View of a hillside outside the community of Mortormeh. On August 14, 2017, rocks, debris and mud flowed down from above, destroying hundreds of homes and killing more than 1,000 people in Freetown, Sierra Leone.

Researchers aren’t sure what caused the worst natural disaster in the West African country’s history, but some point to the disappearance of trees on Sugarloaf Mountain. Deforestation is not only liberating lots of carbon dioxide into the atmosphere – it weakens the slope. The arches are important to absorb rainwater and tame floods. Roots anchor the soil together.

But Freetown’s mountains have gone bald as people gather wood to clear plots of land for housing and make charcoal, the primary cooking fuel in a country where electricity is often unreliable. Sierra Leone has lost 30% of its forest cover over the past two decades, according to Global forest monitoring, an international tracker.

Bah has noticed the men in his neighborhood harvesting wood practically every day. Many people burn it to produce sacks of coal. Most of the people he knew cook with it.

What if he could change that?

Alhaji Bah, 22, managing director of Rugsal Trading, walks to his factory in Newton, Sierra Leone, on October 6. Meanwhile, employees sort coconut waste at the factory.


Growing up, Bah was attached to inventors. His idol is Mark Zuckerberg, CEO and co-founder of Facebook. When he was ten, according to his mother, he committed to creating the next big thing. His father, a driver, died two years later, and the family had no money left to take care of Bah and his sister.

So, at the age of 12, he snuck out of his home in his eastern village, hitchhiking to Freetown.

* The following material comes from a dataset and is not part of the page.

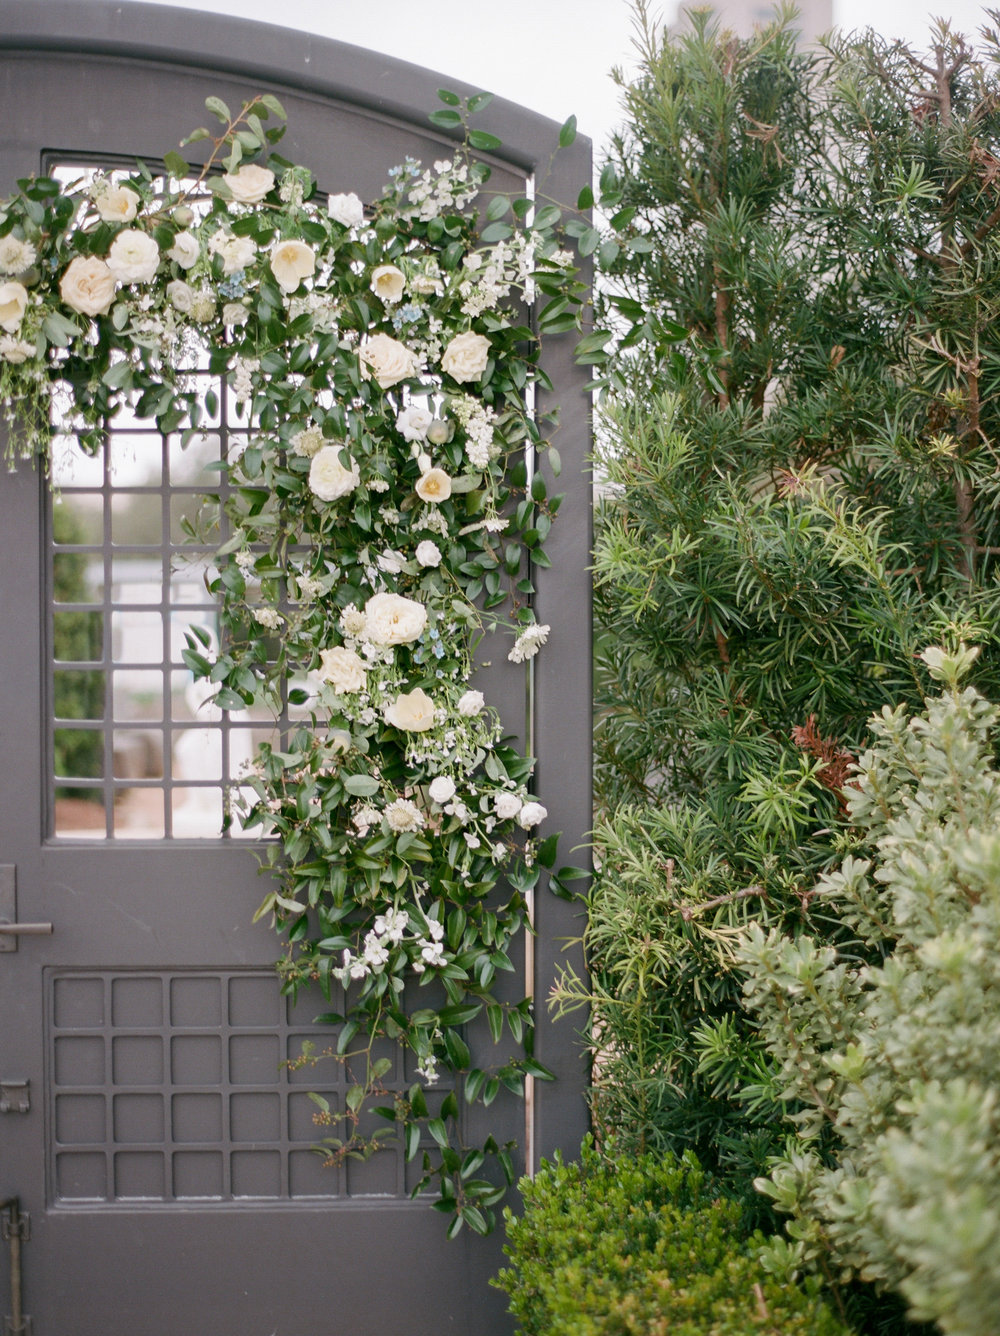 McGovern-Centennial-Gardens-Houston-Texas-Wedding-Venue-Josh-Dana-Fernandez-Photography-Film-Destination-Fine-Art-Luxury-Top-Best-Austin-Dallas-Magnolia-Rouge-Jennifer-Laura-Design-14.jpg

“I consider it the promised land,” he said. “I thought if I could get here, I could feed my family.”

Bah lived on the streets for four years, washing cars for food. He later met Abdul on a football field and the two became close. He moved in with the boy’s family for nine months before the landslide.

“After that, he was always on YouTube,” said Foday Conteh, 23, who met Bah while they were both living on the street. “He’s obsessed with finding ways to stop deforestation.”

Bah, 17 years old at the time, watched a video of a man in Indonesia making alternative charcoal from coconut shells. Others do the same thing in Ghana and Kenya: Collecting coconut scraps, drying them in the sun, crushing them, heating them in steel barrels.

He watched manufacturers mix black flour with a binder like tapioca and then feed the dough into a machine that spits out translucent breads. Next is to cut the loaves into squares. You can bake them the same way – except that the aroma of coconut wafts through the air.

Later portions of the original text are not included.